Wednesday, November 21, 2012

Day Six – Food, Part 2

Disclaimer for my Disclaimer Alerts: I have a lot of disclaimers, so bear with me.

Disclaimer Alert: For the record, I don’t want to discredit healthy eating.  I am pro-healthy eating.

I am also pro-pancakes, pro-ice cream, and pro-pizza.  It is good to nourish yourself with healthy foods.  However, do it because it makes you feel better.  Do it because you actually like the taste.  Do it because you love and respect your body.  DON'T do it because you “should”.

Disclaimer Alert: I understand that I am more sensitive to the topic of food than most people.  So, you might think my perspective is too dramatic.

{Photo courtesy of here.}
Nevertheless, as a society, you have to admit that we’ve got to stop the “fat talk".  “Fat talk” is so common in our conversations that most people don’t even notice they are speaking it.  This kind of talk is negative, self-degrading, accusatory, and unhealthy.  For example, “Do these jeans make me look fat?”  “These chips are going to go right to my thighs.”  Often our “fat talk” is more subtle.  We are good at camouflaging this talk under the guise of a compliment.  For example, “Your legs are so skinny!  I wish my legs were that skinny.”  Or, “You look fabulous in that dress!  I could never wear something like that.”
Disclaimer Alert: I don’t mean to offend anyone with the phrase, “fat talk”.  I adopted this phrase from Tri Delta.  You can read about them here.
“Fat talk” does so much damage to our self-worth.  Every time we speak it, we are prioritizing our appearance over our dignity as a human person.   “Fat talk” also does so much damage to the young people who are watching our every move.  Every time we speak it, we are subconsciously training our children how to think about themselves.
Disclaimer Alert: I do not have any children yet, but I have spiritual children, God-children, nephews, nieces, etc.  Are you sick of my disclaimers yet?
There is a wonderful blog that I follow called, “Weightless” by Margarita Tartakovsky.  She recently published a post on this epidemic of Body-bashing.  You can read her masterpiece here.
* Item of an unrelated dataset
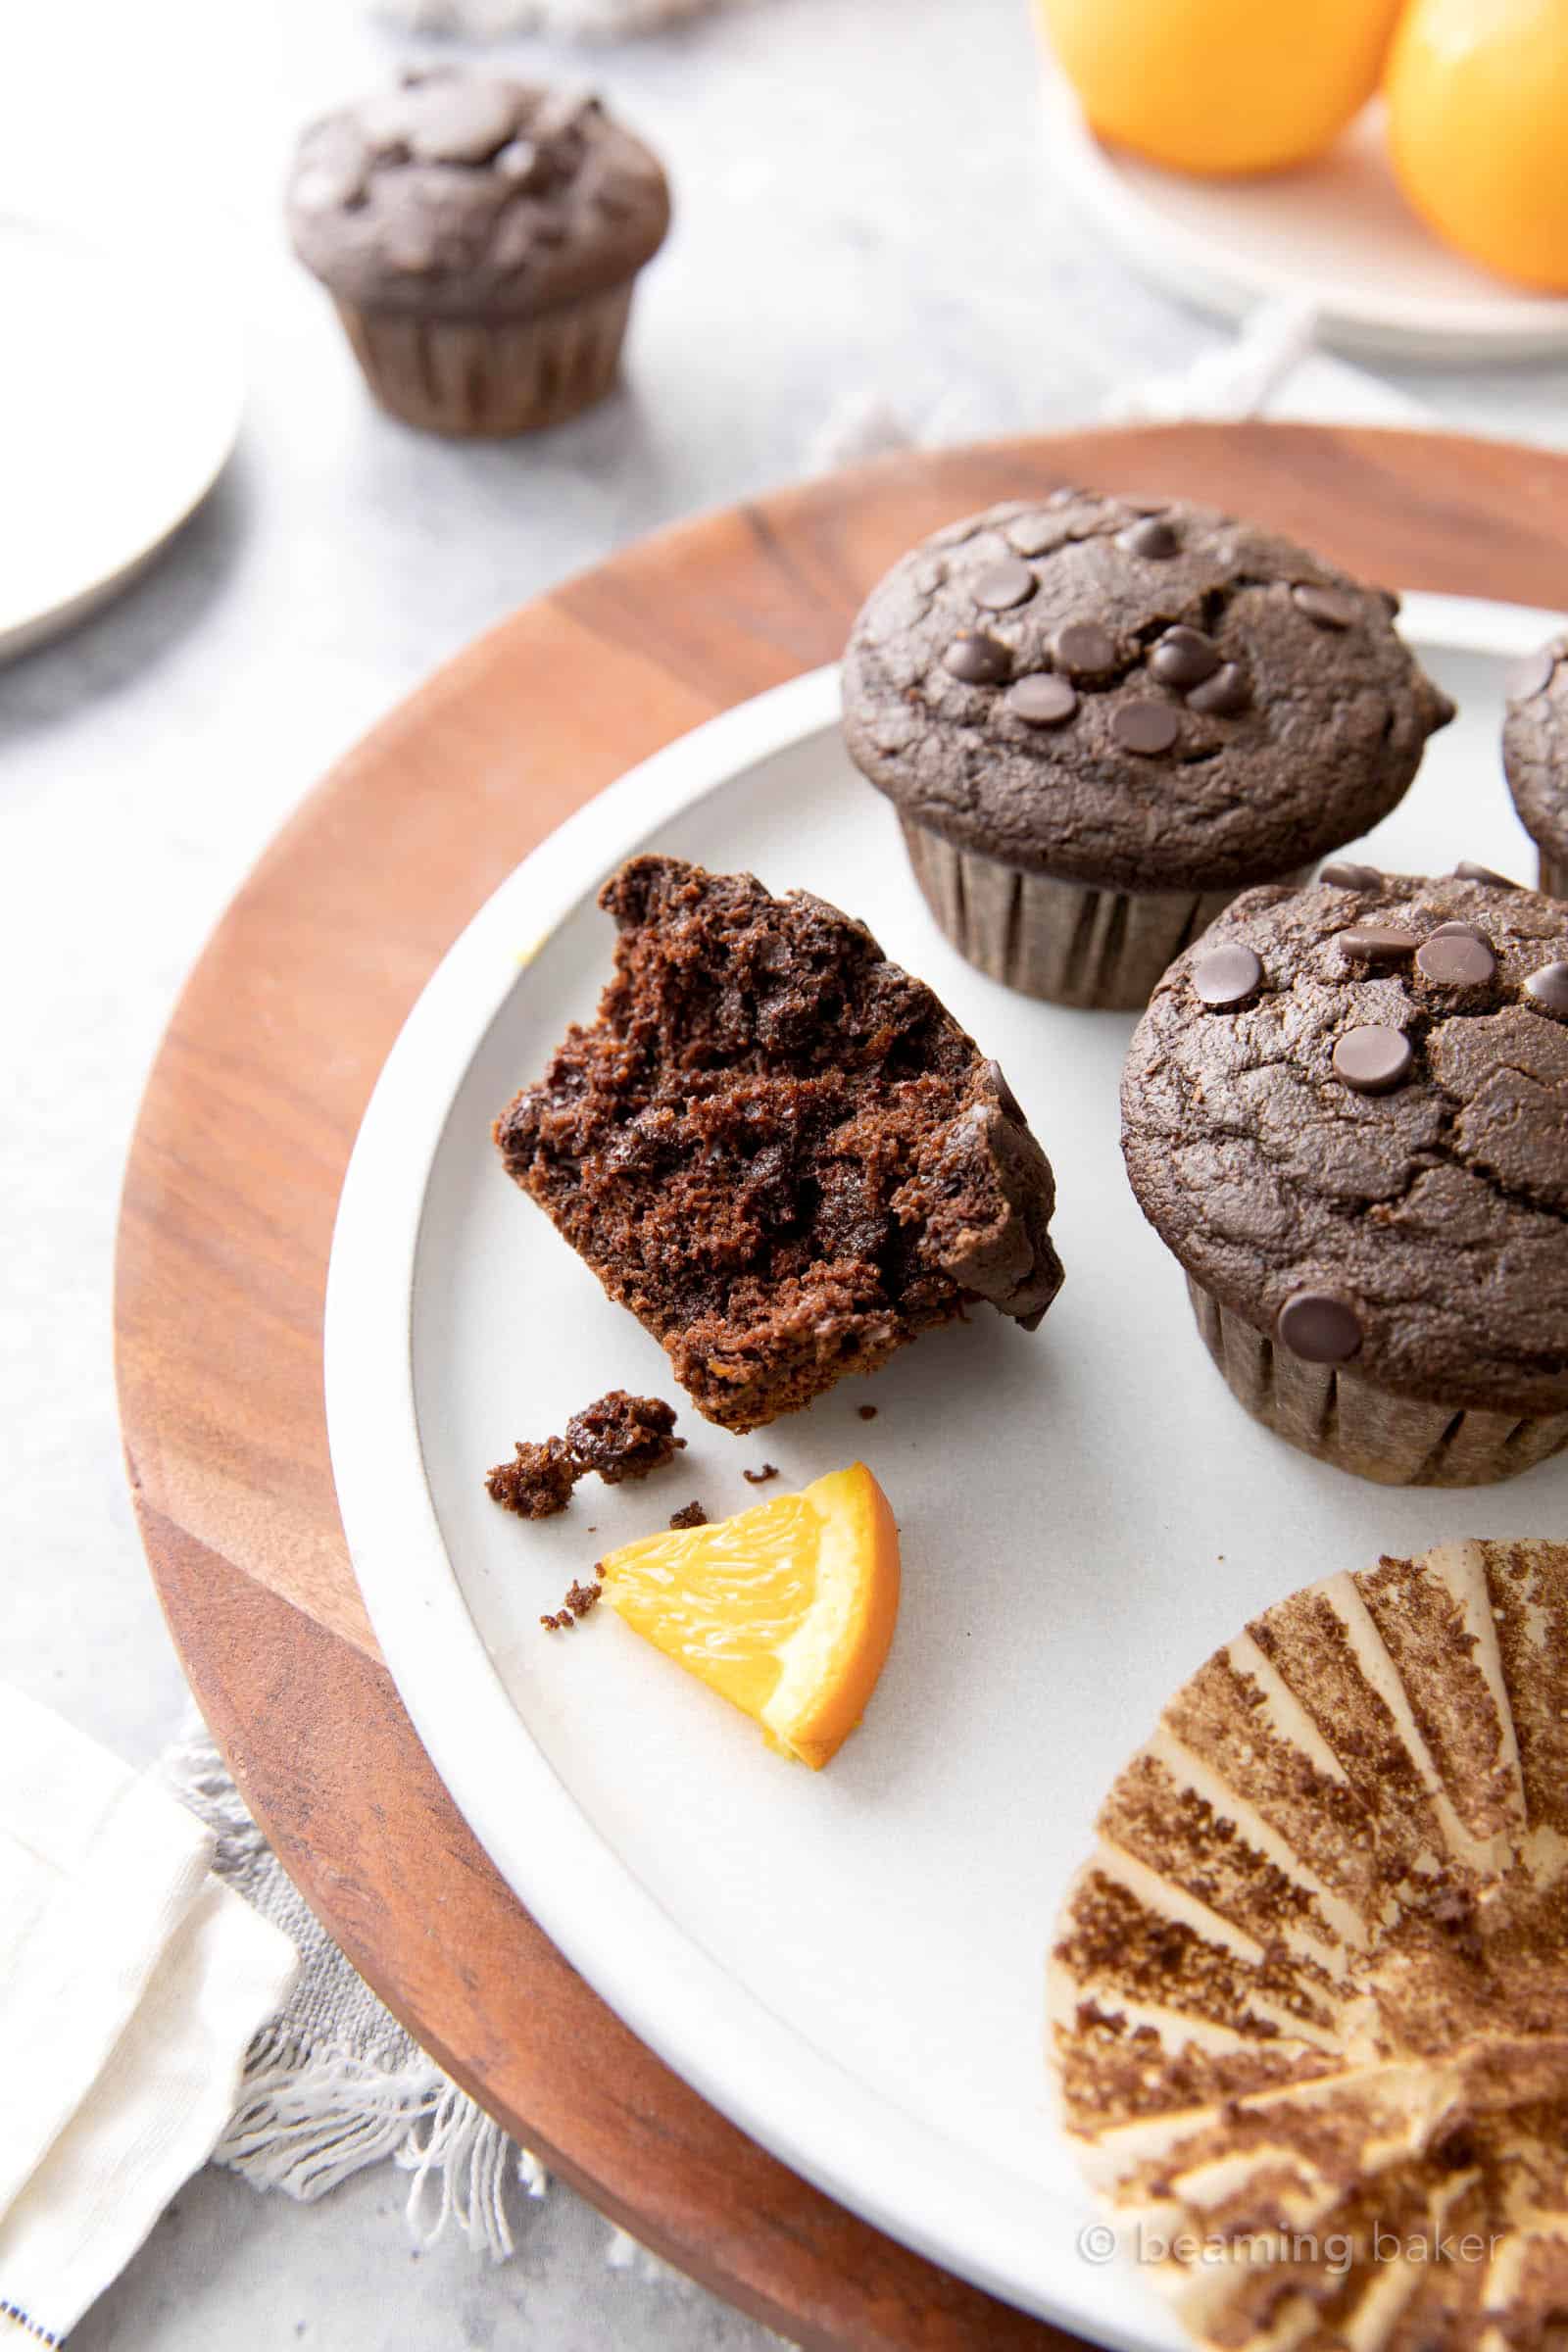 A plate filled with orange chocolate chip muffins and orange slices
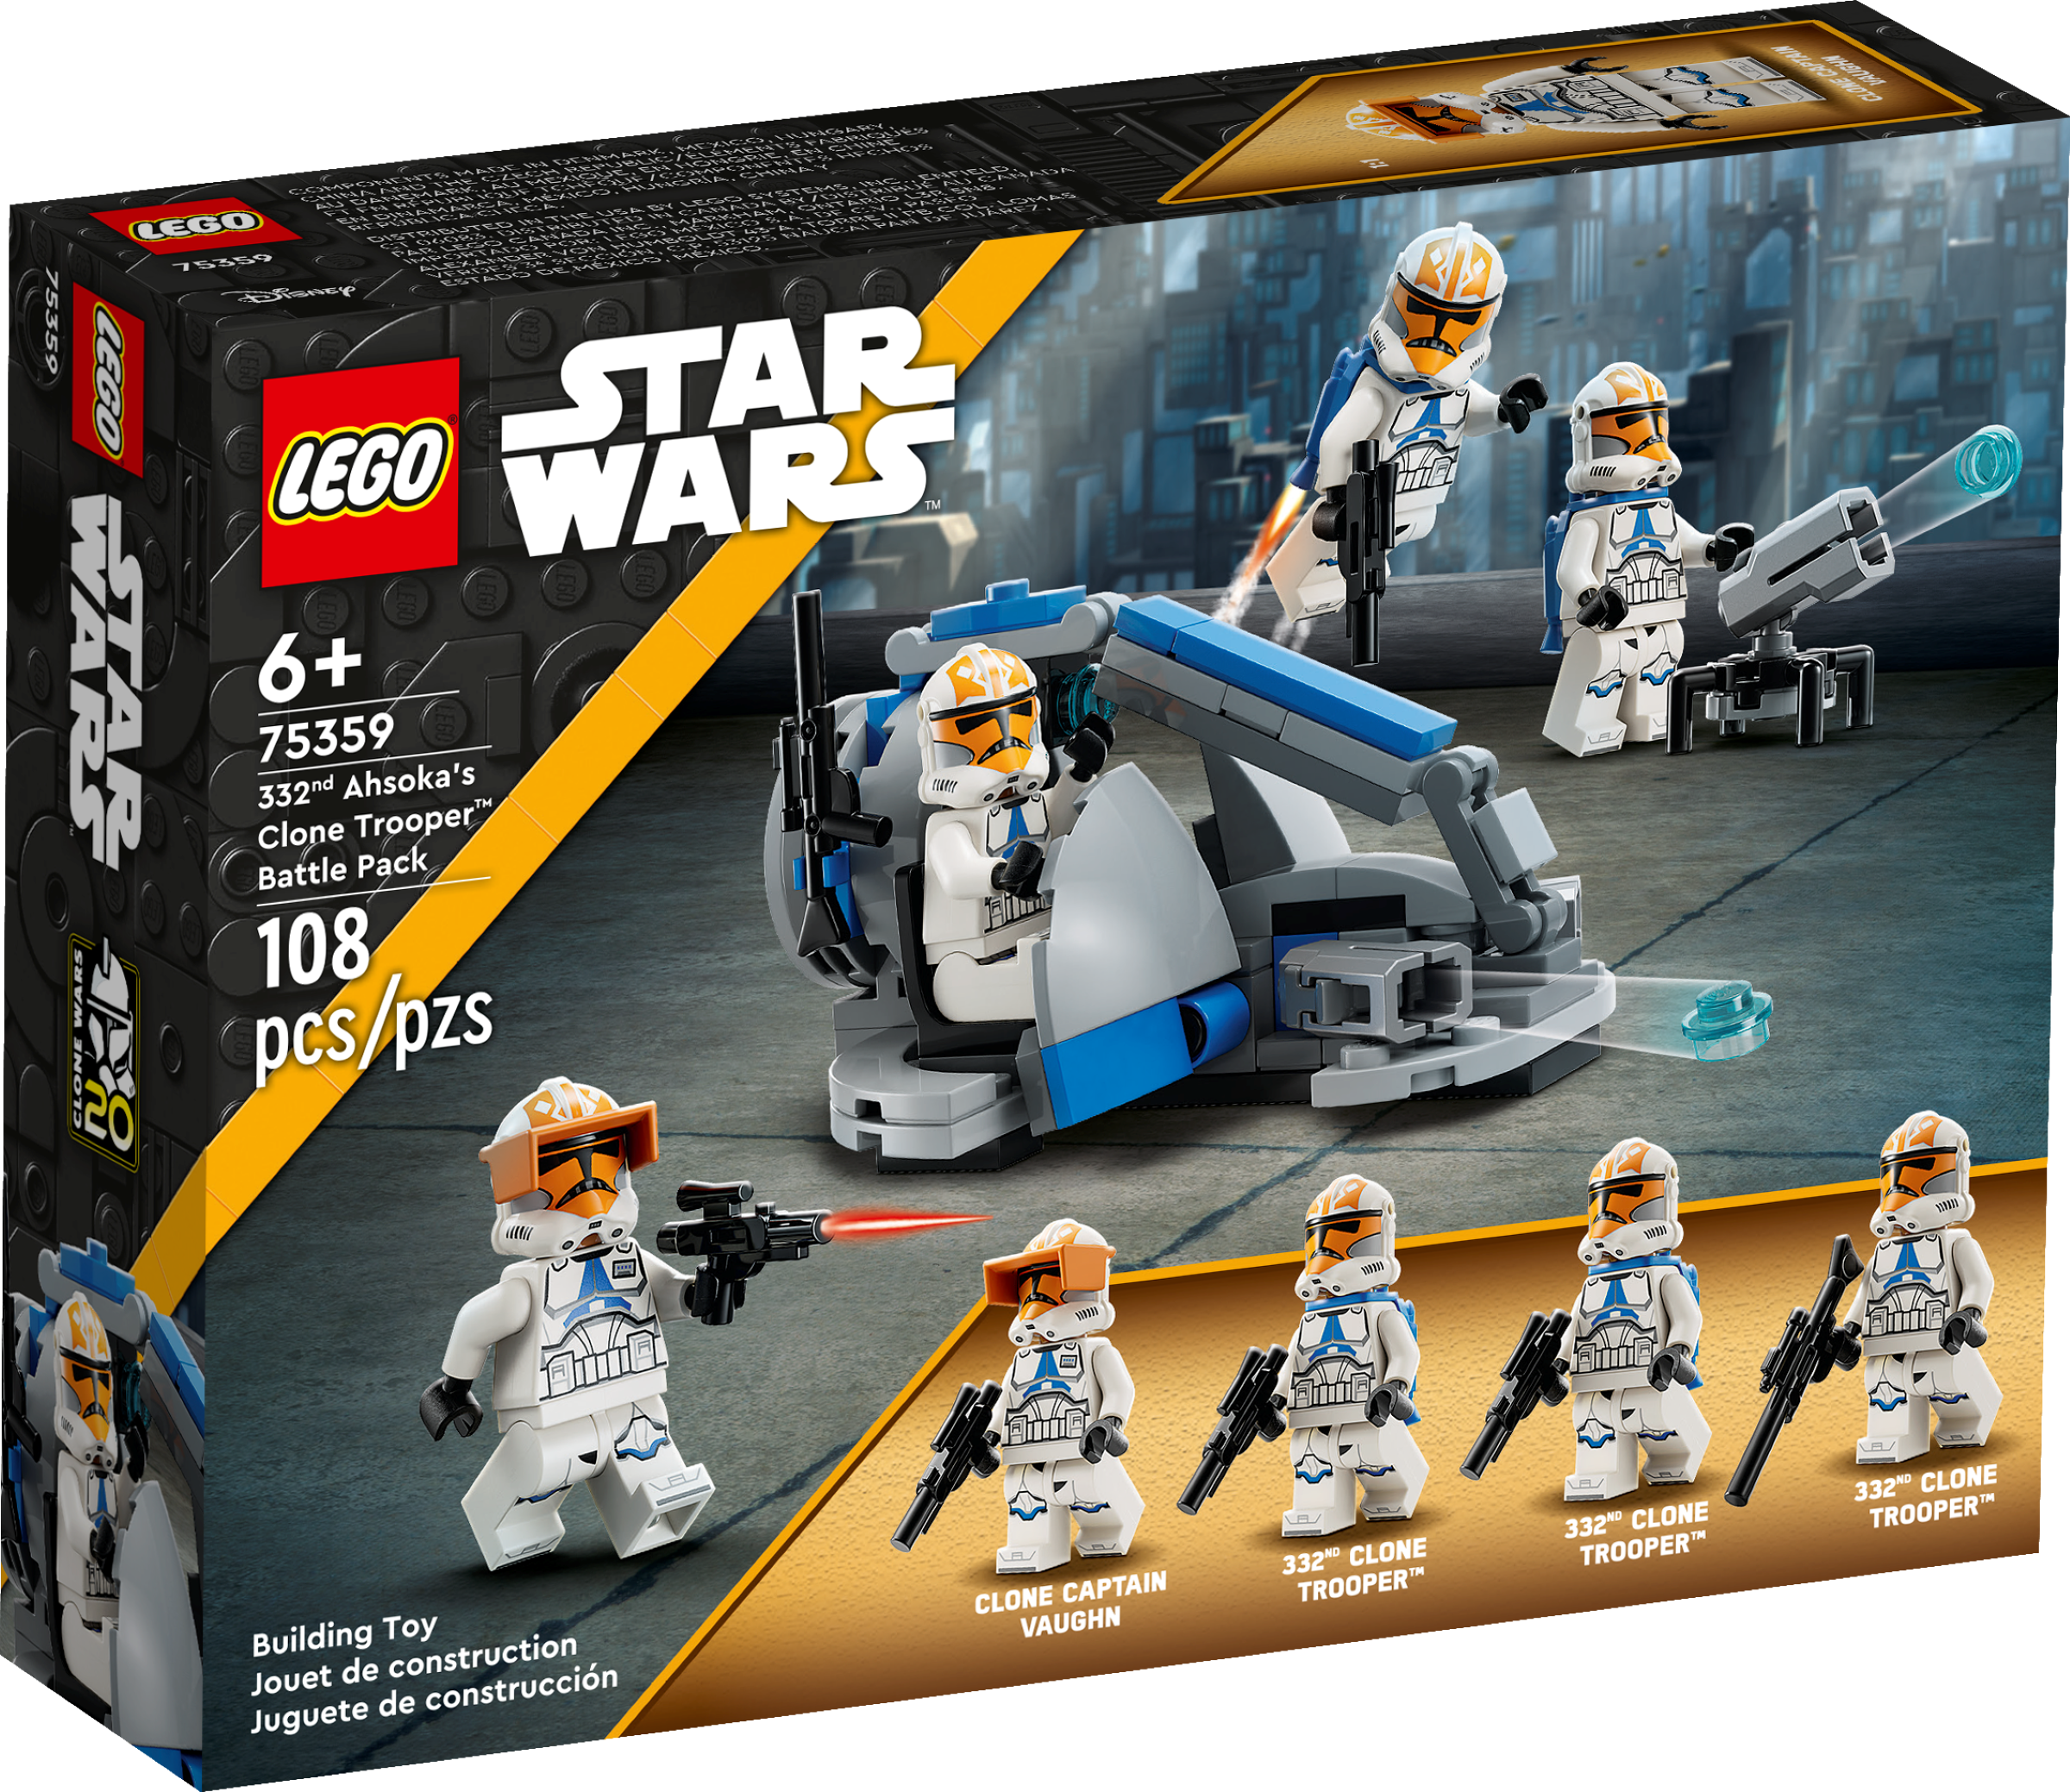 Pin by levi poep on Quick saves  Lego construction, Lego, Clone wars

Tartakovsky brings up some very key points.  I highly encourage you to read it if you find that you are struggling with keeping a positive body image.  Reading her blog was a key component in my personal recovery.

Disclaimer Alert: I give Tartakovsky all the credit for all the ideas I think about and all the things I write about.  In my book, she deserves the Noble Peace Prize.

Soooooo, how do I stop the “fat talk”?  I am glad you asked.

A few tricks to use this Thanksgiving:

Recognize the “fat talk” in your vocab.  Become aware of your it in conversations with your friends, co-workers, relatives…and…yourself…yup…with yourself when you are in front of the mirror in the Kohl’s dressing room.
Disclaimer Alert: Um....never mind.

Think about other topics to talk about besides appearance before you start a conversation.  If you know that your monthly luncheon with the girls at the local coffee shop always turns into gab on the latest fab diet, write down some topic changers before you go.  And if the conversation still tends that way, make it a point to compliment your friends and say something positive about yourself.  Discuss “fat talk” with your friends if you can.
Disclaimer Alert: Just kidding!

Cultivate a healthy body image.  Something we can do to change the culture of self-hate is to love our own bodies the way they are now.  God created us and loves us the way we are, right now, hands down, no questions asked.  To God, you are a beautiful creation, more beautiful than the most beautiful work of art.  Once we can see ourselves the way God sees us, we can love our bodies and be thankful (and happy!) in our own skin.  And we won’t feel so much pressure to change.

Since this post is just bursting with Challenges throughout, see above for the daily dose.  I put them in bold in case you were having a hard time finding them.  Thank you.  You’re welcome.